等准备好今天授课要用的东西后,秦丘晟才得空缓缓开口。
“没事挂电话了。”
听着秦真有这个挂电话的架势伏泽赶忙打住:“开玩笑开玩笑的,怎么还傲娇上了。”
“你怎么一点情趣都不懂,我就是想问问你宁家小子的身体用的如何。”隔着电话都能感受到伏泽的委屈巴巴。
“勉强合适。”开口那叫个风轻云淡。
伏泽听他这敷衍凑合的语气实在忍不住呵呵一笑。
“就没个东西到您老这儿不是勉强的,不过现在你也没那个条件再换一个,就勉强用着吧,况且四笺就在暮城,要得到也费不了多少力气和时间,不过。”
说到这儿伏泽的语气明显有些为难。
“得到不费力,但找到,恐怕还有些难度,这四笺本有认主的意识,又加上现在几乎没人懂怎么使用,如此一来要察觉到位置所在似乎就有点虚无缥缈,你在这儿又逗留不了多久,得想个法子才是。”

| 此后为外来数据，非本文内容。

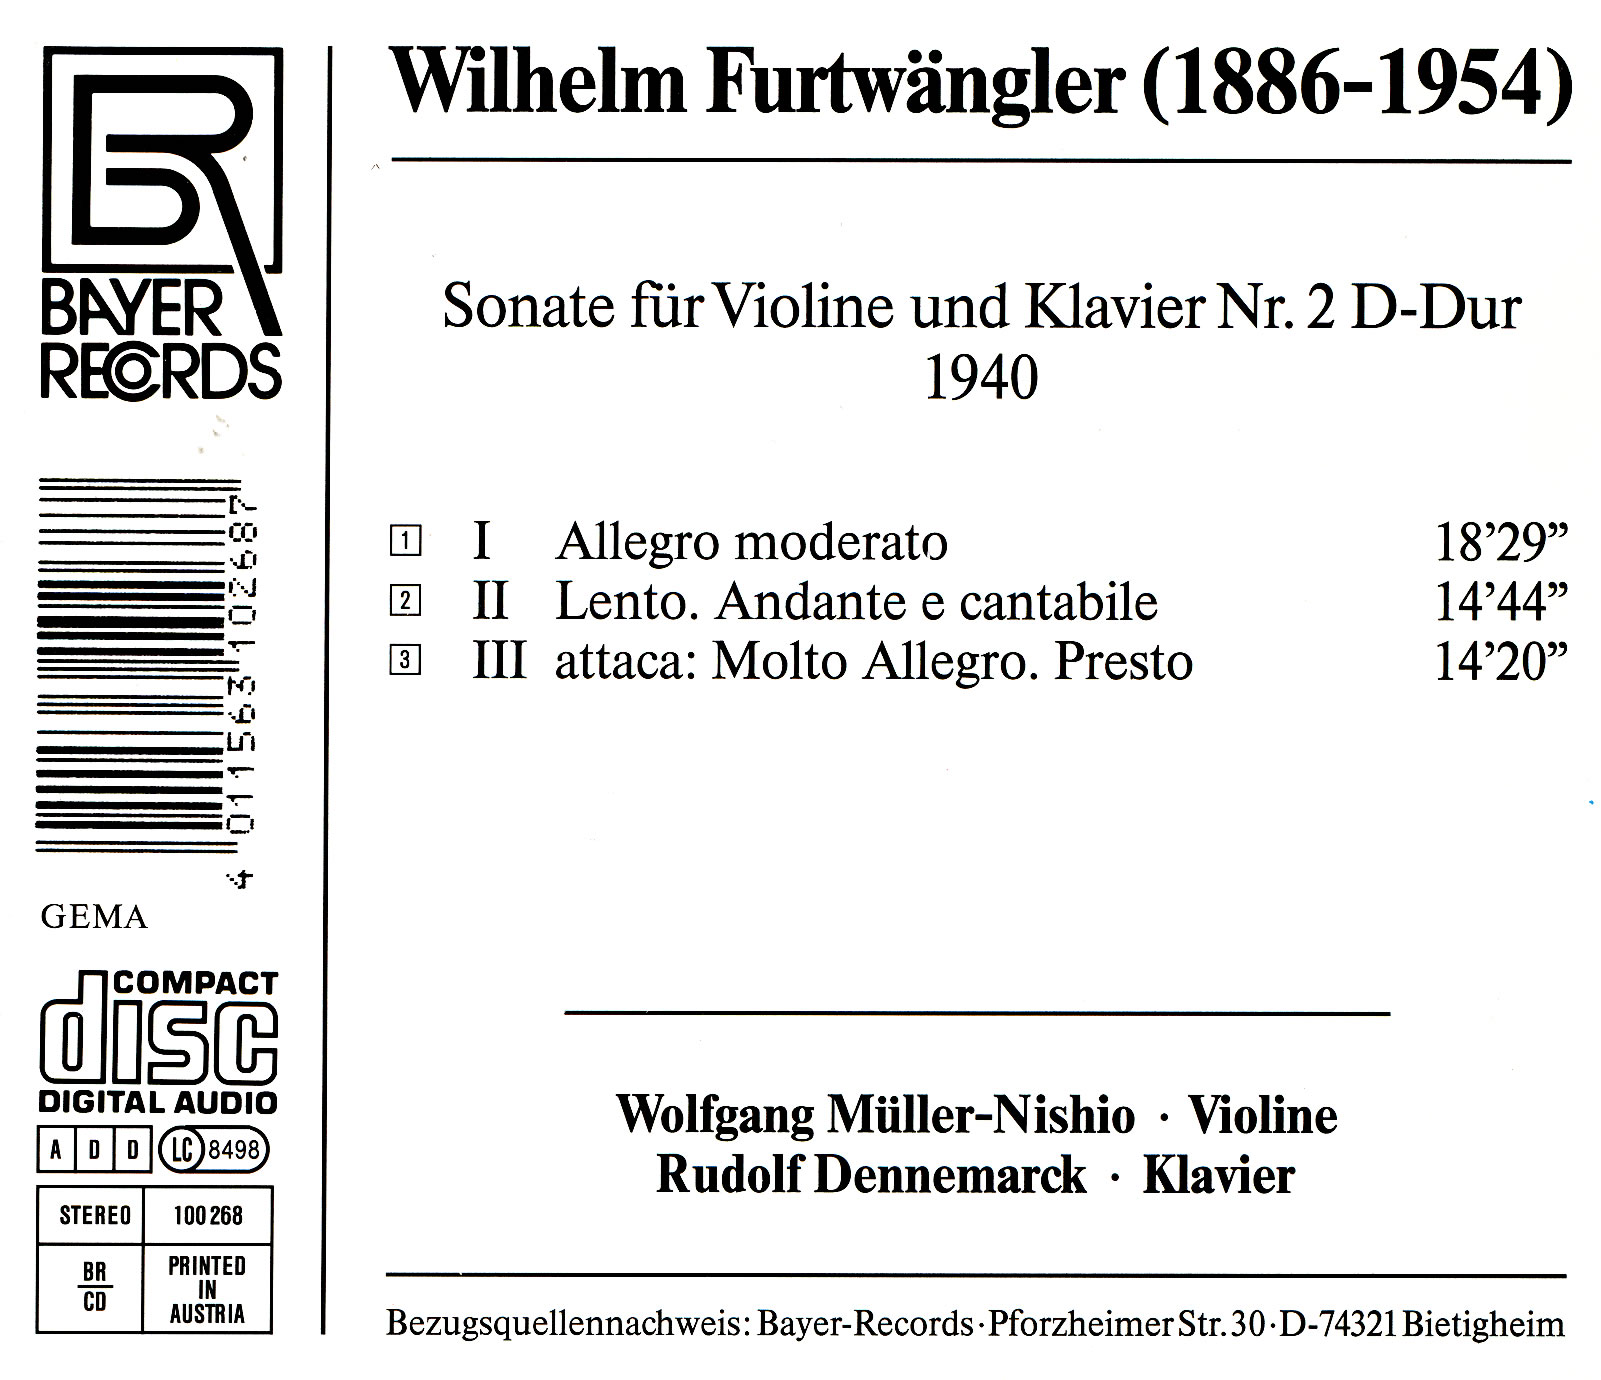 Wilhelm Furtwängler - Violinsonate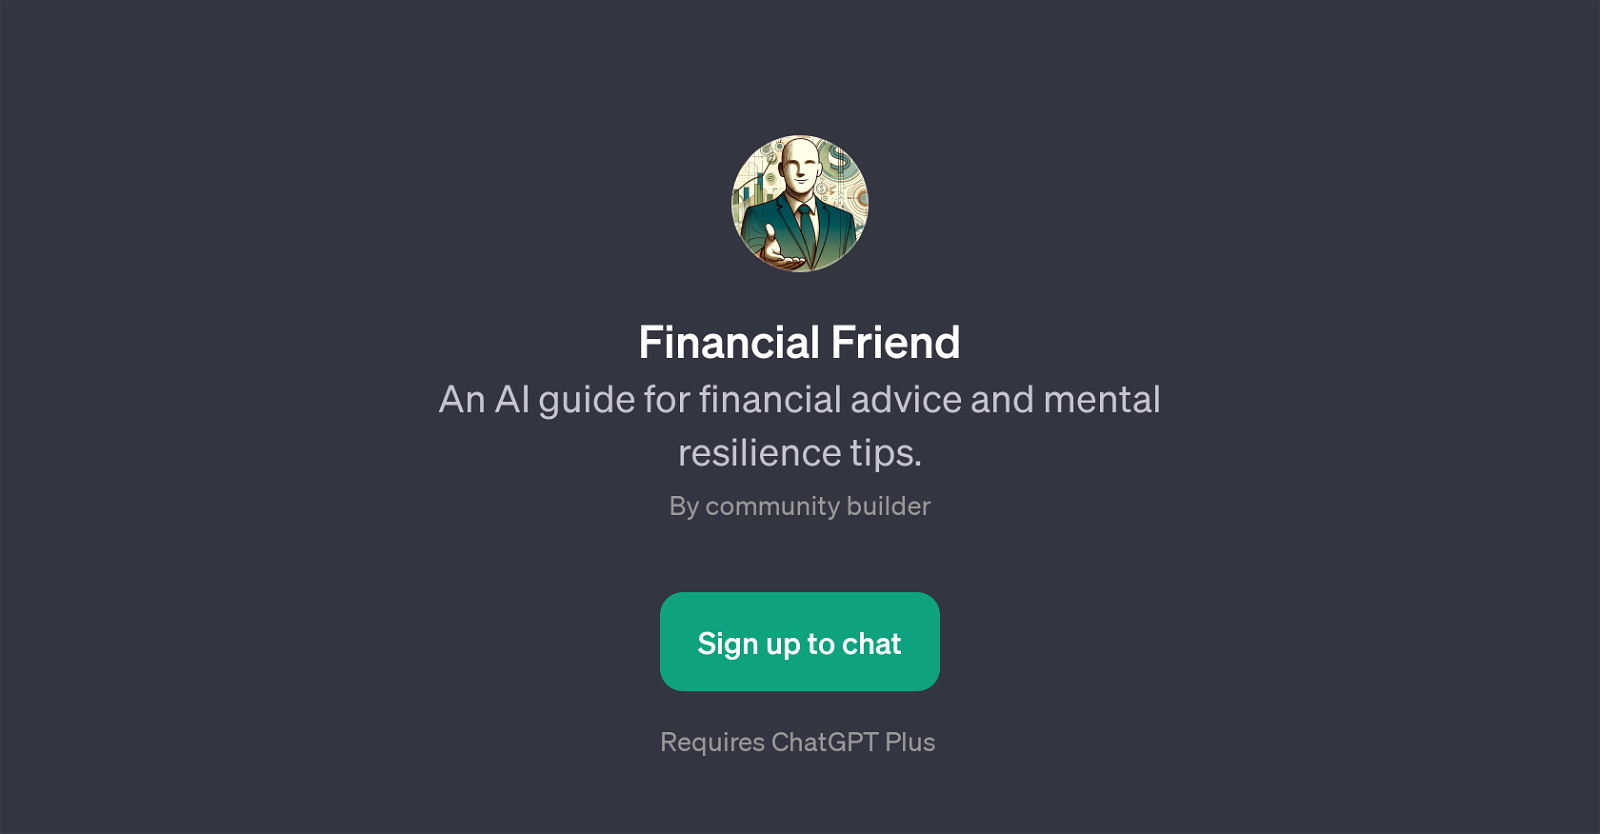 Financial Friend website

闻得伏泽略着急的话秦丘晟反应倒是要淡得许多:“有苏后生的血能找到。”
“这有苏王脉血指路的事我也知道,可问题就在得找到其中一块这血才起得了作用不是。”听秦丘晟这不紧不慢的说话语气,伏泽突然有种自己才是那个力量被封印的人的感觉,似乎有种皇上不急太监急的意思。
“蒲兴闻手里有青木笺。”
“此话当真?!我这就去将东西拿来。”说罢匆匆挂掉了电话。
秦丘晟听着电话里的嘟声略微皱眉,似乎有了这个东西以后被反撂的次数明显增多了。
当知蒲兴闻手中有四笺之一,伏泽不惜以一阵风儿的速度找到了蒲兴闻。
此时的蒲兴闻才被放贷的人追着打了一顿,正鼻青脸肿一瘸一拐地扶着墙回学校。
收债的放话两天之内不还钱就卸他双腿,可现在这身无分文的穷酸破败样哪儿拿钱还人,最后还得借了凑钱的理由遁回学校,谁知半路走着走着就突然出现了个挡路人。
“蒲家小子,你爷爷传给你的青木笺在哪儿。”伏泽挡在他身前沉声问道。
浦兴闻当哪儿来的人挡着他的道儿,先前又被揍了一顿心里正窝着火,还没看清来人就开口叫嚣道。
“谁搁爷面前杵着呢!好狗不挡这道理不懂啊!爷正上火呢,信不信一冲动就把你小子削......”话还没说完,抬头慢慢将眼前人看了个全面。
一袭英伦灰色风衣下笼罩着伏泽高挑的身材,黑色眼镜下映现出一张温润却不失男性英气的脸。
蒲兴闻等看清来人的脸瞬间将嘴巴闭了个扎实,态度更是来了个大转变。
先前虽然和此人没说过话,但好歹也是秦丘晟的朋友,能和秦家人走到一起的定是非富即贵,再加上秦丘晟又欠着老爷子的大恩情,理应对自己也尊重着,如果能和此人攀上点交情,那还两千万就是不费吹灰之力的事。
“哎呦!哥!原来是你啊!”蒲兴闻一拍掌两眼放光,开口这一声饱含情绪的哥,按有苏灵的话来说,是比叫自己的亲哥还亲。
这突如其来的热情把伏泽给弄的一时半会儿不知该作何反应,印象中确实去过蒲宅两次,但也不记得和这蒲小公子有过交谈,更别问这从何而来的交情。
“蒲小公子,青木笺被你放在了何处?”伏泽耐着性子又开口问道。
“青木笺?你说那块破牌子,当给天桥算命老头儿了。”蒲兴闻低眉顺眼巴巴的看着眼前的金山,咋眼瞧去,还真有种生怕没把人伺候周到的错觉。
谁知伏泽听后勃然大怒:“当了!”
蒲兴闻也是被他的气势吓得一懵,连回话的声音都变得跟蚊子一般大小:“是啊,看着没什么用处就给当了。”
伏泽冷哼一声:“你爷爷留给你的东西就这么糟蹋,也不怕他夜半来敲你的门!”
先前也是对蒲兴闻的败家略有耳闻,如今见到着活的差点没被他气地心梗,荒古流传的秘宝居然被拿去当钱,贪婪无知!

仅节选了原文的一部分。